Les SAFEP et SSEFIS peuvent accueillir les enfants dans leurs locaux, ou bien intervenir en milieu ordinaire (crèche, halte-garderie, domicile familial, établissement scolaire etc.).

Une prise en charge adaptée doit être mise en place le plus rapidement possible. Un retard de diagnostic chez un enfant ayant une surdité sévère ou profonde conduira à des difficultés de compréhension, d'expression et au développement d'une voix dysharmonieuse. Appareillé et rééduqué tôt, un enfant avec une surdité profonde peut avoir une voix et harmonieuse.

 

Conséquences sur la vie scolaire

Le handicap de l'élève l'oblige à soutenir son attention intensément pour suivre et comprendre le cours. De cela résulte une fatigabilité importante. Les interventions du SSEFIS et les rééducations se feront donc sur le temps scolaire afin d'éviter une fatigabilité plus importante de l'élève, et se réaliseront dans le cadre d'un projet personnalisé de scolarisation (PPS).
En cas de difficulté à suivre les cours en milieu ordinaire, l'élève peut être orienté vers une classe d'inclusion scolaire destinée aux élèves ayant un handicap auditif (CLIS 2).
La dernière enquête française (Handicap-Incapacité-Dépendance 1998-1999) montrait que 14% des enfants ayant une surdité légère présentaient des troubles du langage ou de la parole contre 56% des enfants ayant une surdité profonde. La surdité retentit sur les apprentissages scolaires (41% des enfants sourds de 6 à 11 ans savent lire, écrire et compter sans difficulté contre 81% dans la population générale ; 10% des personnes sourdes accèdent à l'enseignement post-baccalauréat pour 29% en population générale).

 

Quand faire attention ?

En classe, la priorité est d'abord que l'élève soit dans les meilleures conditions possibles pour suivre et comprendre le cours. Le prérequis pour cela est que l'élève ait des prothèses auditives en état de marche et adaptées.
- Un bon fonctionnement suppose tout d'abord que les appareils soient bien en place sur les oreilles avec les embouts dans les conduits auditifs et qu'ils soient effectivement en état de marche. Ces vérifications incombent parfois aux enseignants des très jeunes enfants.
- Il est recommandé aux parents de prendre une assurance pour l'appareil auditif.
- Il peut arriver que l'appareil émette un sifflement aigu (effet larsen) auquel le jeune sourd ne réagit pas car il ne le perçoit pas. Cela signifie que l'embout est mal positionné dans le conduit auditif : soit il est sorti de l'oreille soit, l'enfant ayant grandi, l'embout ne correspond plus à la taille de son conduit auditif.
- Parfois, l'élève refuse de porter ou d'activer ses prothèses pour diverses raisons :
- soit l'embout est mal dimensionné, entraînant une gêne ou une souffrance,
- soit l'appareil est mal réglé et ne corrige plus de manière efficace les sons perçus
- soit l'élève, pour des raisons psychologiques, ne souhaite pas porter une marque qui le distingue de ses camarades entendants.
- soit, ponctuellement, l'élève souhaite ignorer son entourage (pour ne pas entendre un reproche par exemple)
- soit, lorsque l'ambiance est très bruyante, la perception sonore au travers des prothèses auditives devient très douloureuse. L'élève éteint alors ses appareils pour éviter toute souffrance.

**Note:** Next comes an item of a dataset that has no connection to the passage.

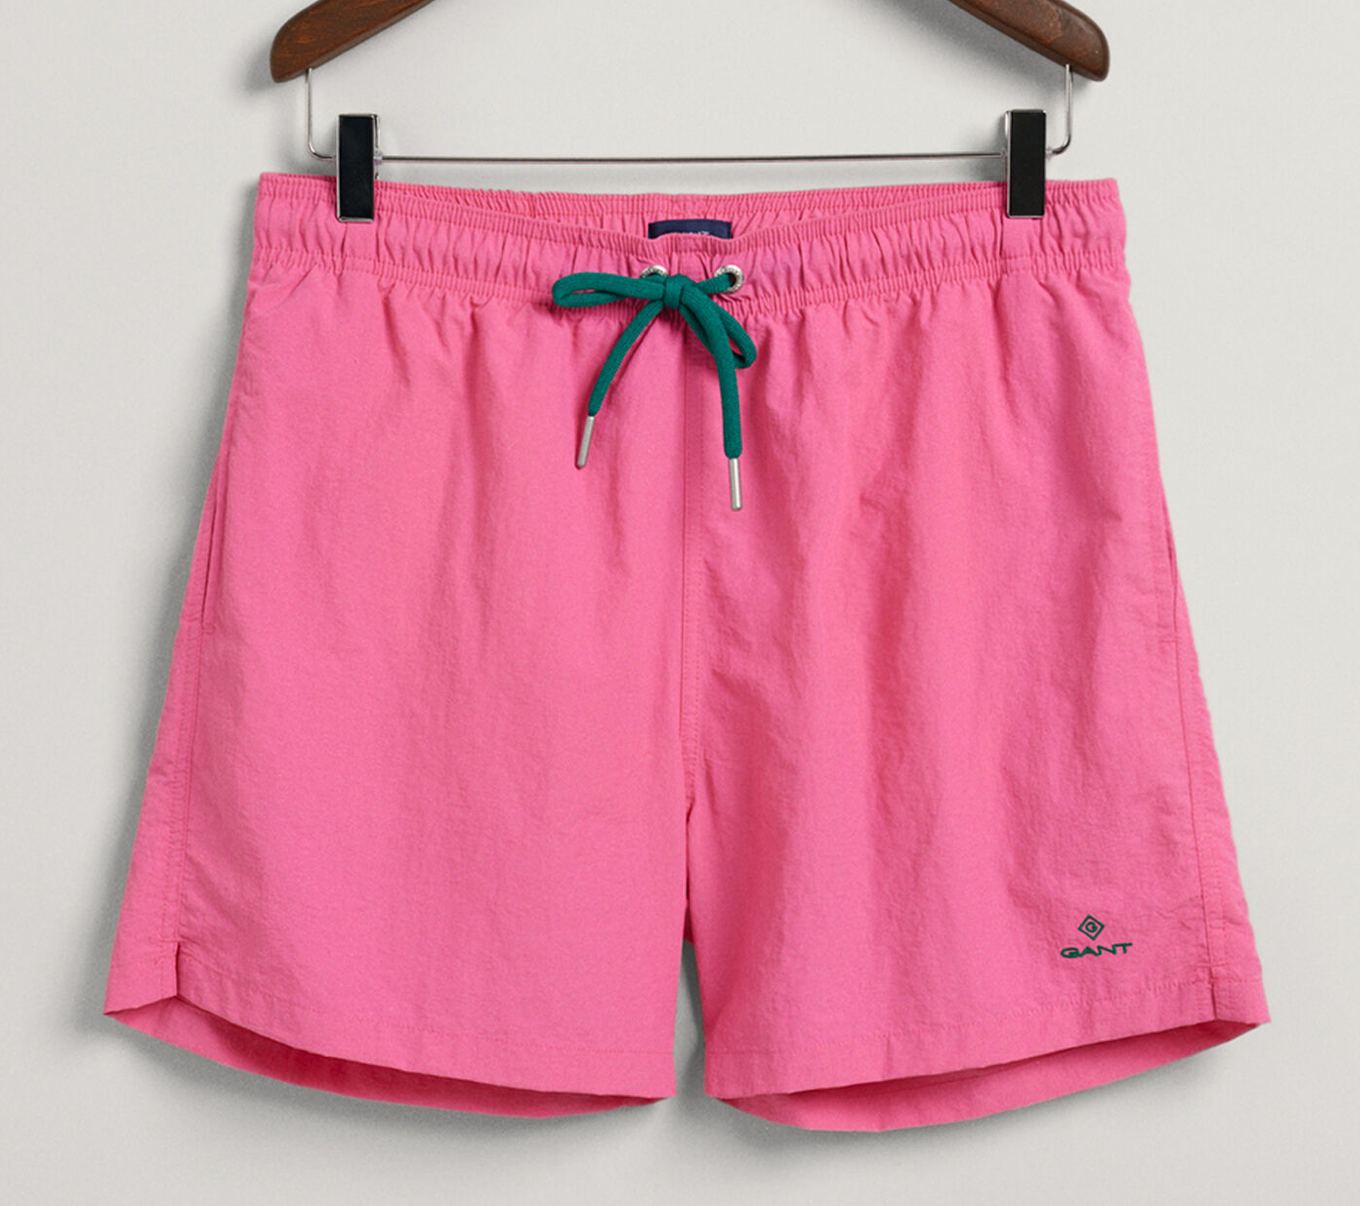 Gant "Classic" Swim Shorts Perky Pink
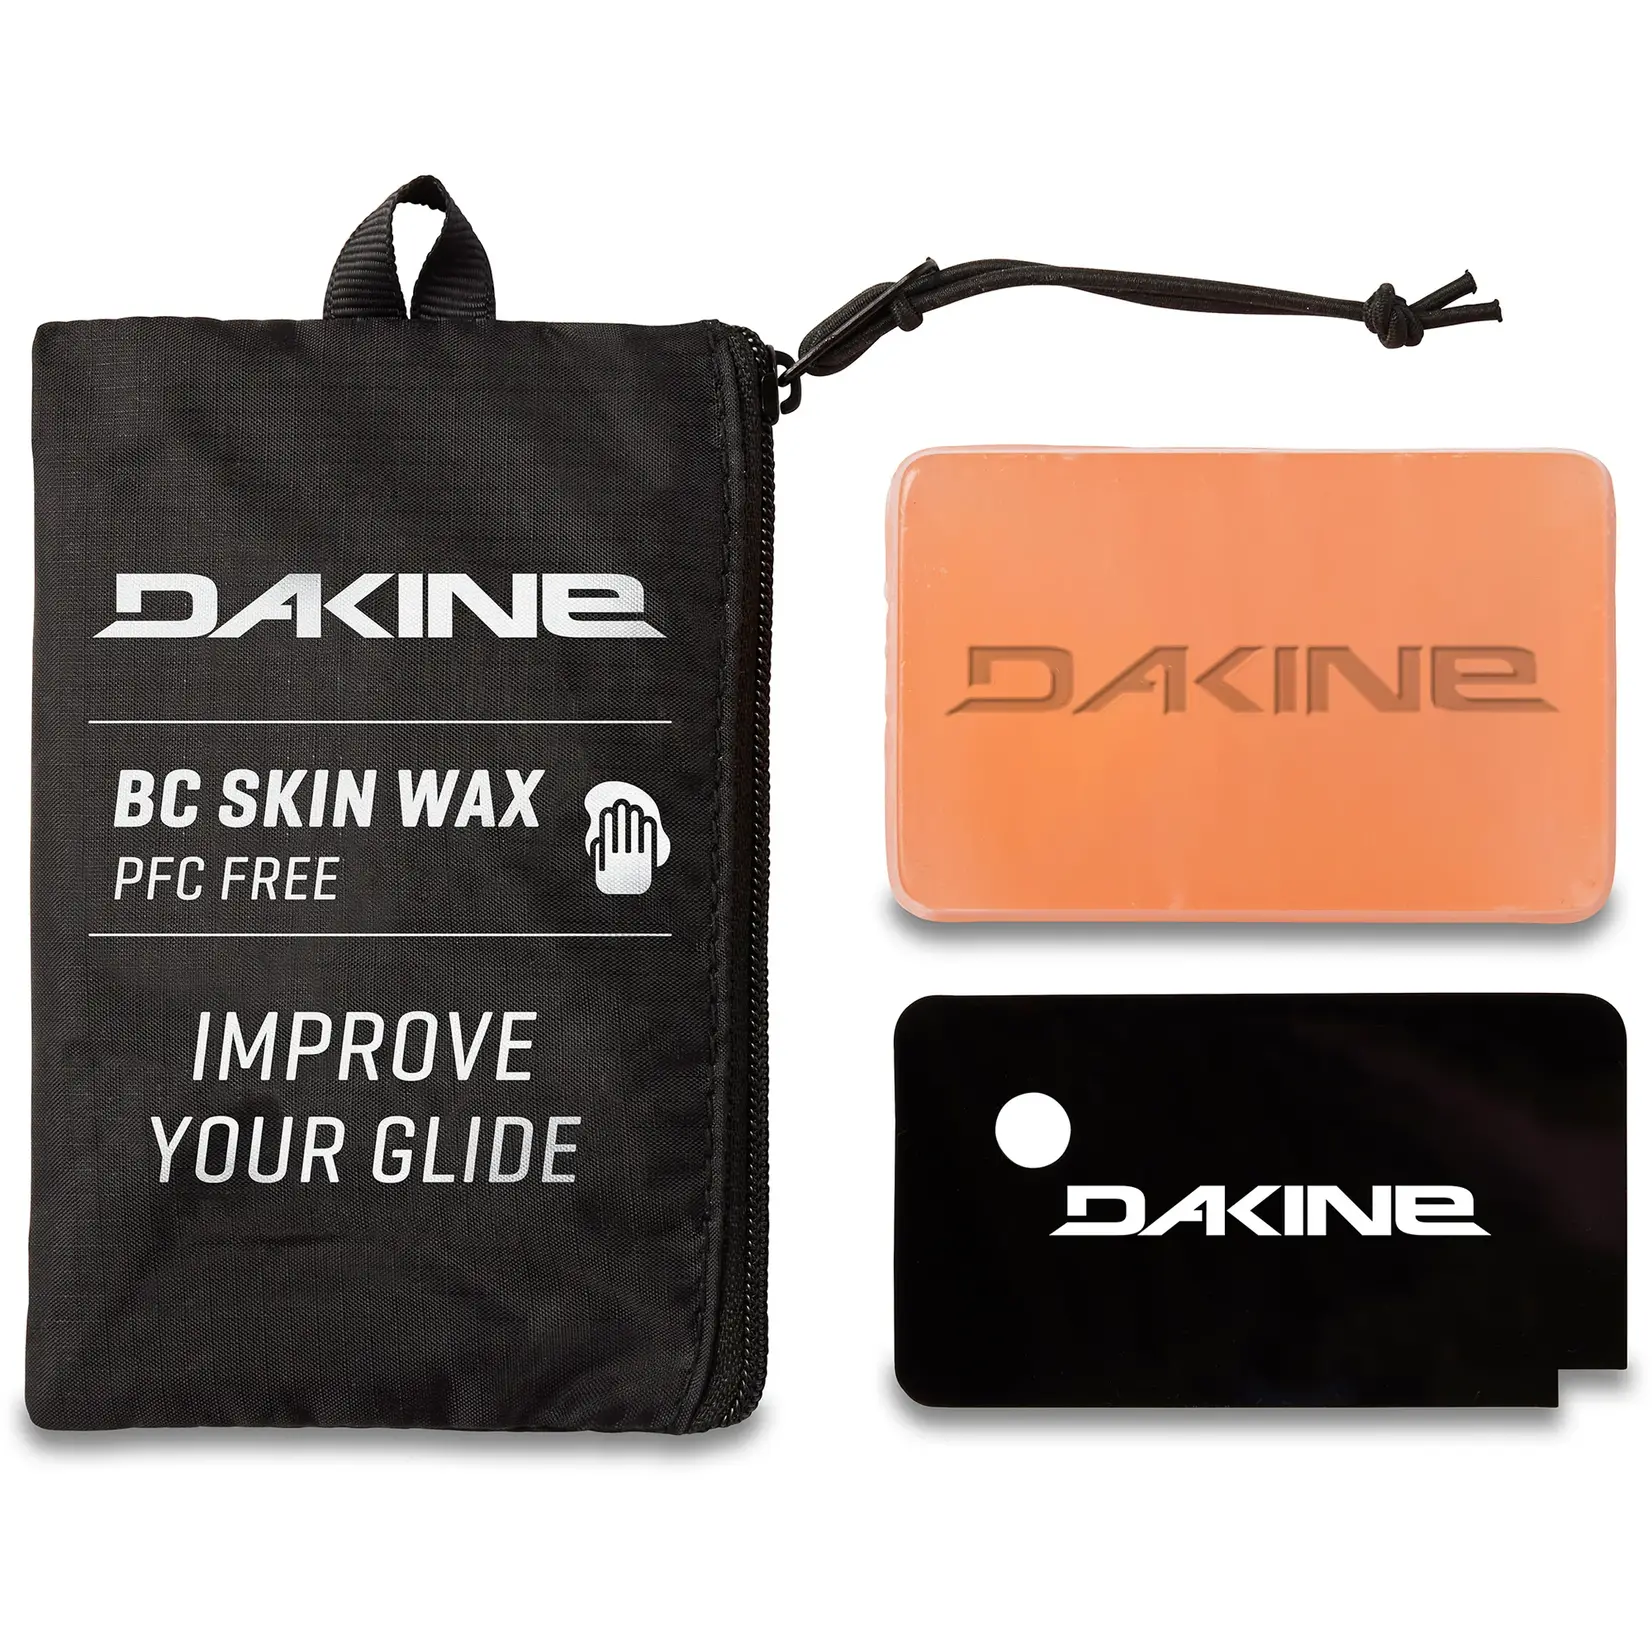 Dakine Dakine Backcountry Skin Wax - 50 gram bar in carrying case

L'enseignant peut également s'aider d'un appareil HF (haute fréquence). Il s'agit d'un micro fourni par l'élève et utilisé par l'enseignant. Ce micro est connecté par une liaison sans fil aux appareils auditifs de l'élève.

Au cours des sorties scolaires, l'élève malentendants peut se sentir particulièrement perdus, puisqu'il pourrait ne pas entendre les consignes des accompagnateurs. C'est pourquoi, il est habituellement conseillé à l'enseignant :
- d'énoncer avant le départ, au calme, les consignes relatives à la sortie.
- De donner à un accompagnant ou un camarade la responsabilité de répéter les nouvelles consignes qui apparaitraient nécessaires au cours de la sortie. En effet, l'éloignement de l'enseignant, la luminosité, ou le bruit ambiant (ex. le vent à la plage, les voitures dans les rues bruyantes) peuvent rendre impossible à l'élève malentendant la compréhension des consignes.
- L'utilisation de l'appareil HF est recommandé également lors des sorties scolaires.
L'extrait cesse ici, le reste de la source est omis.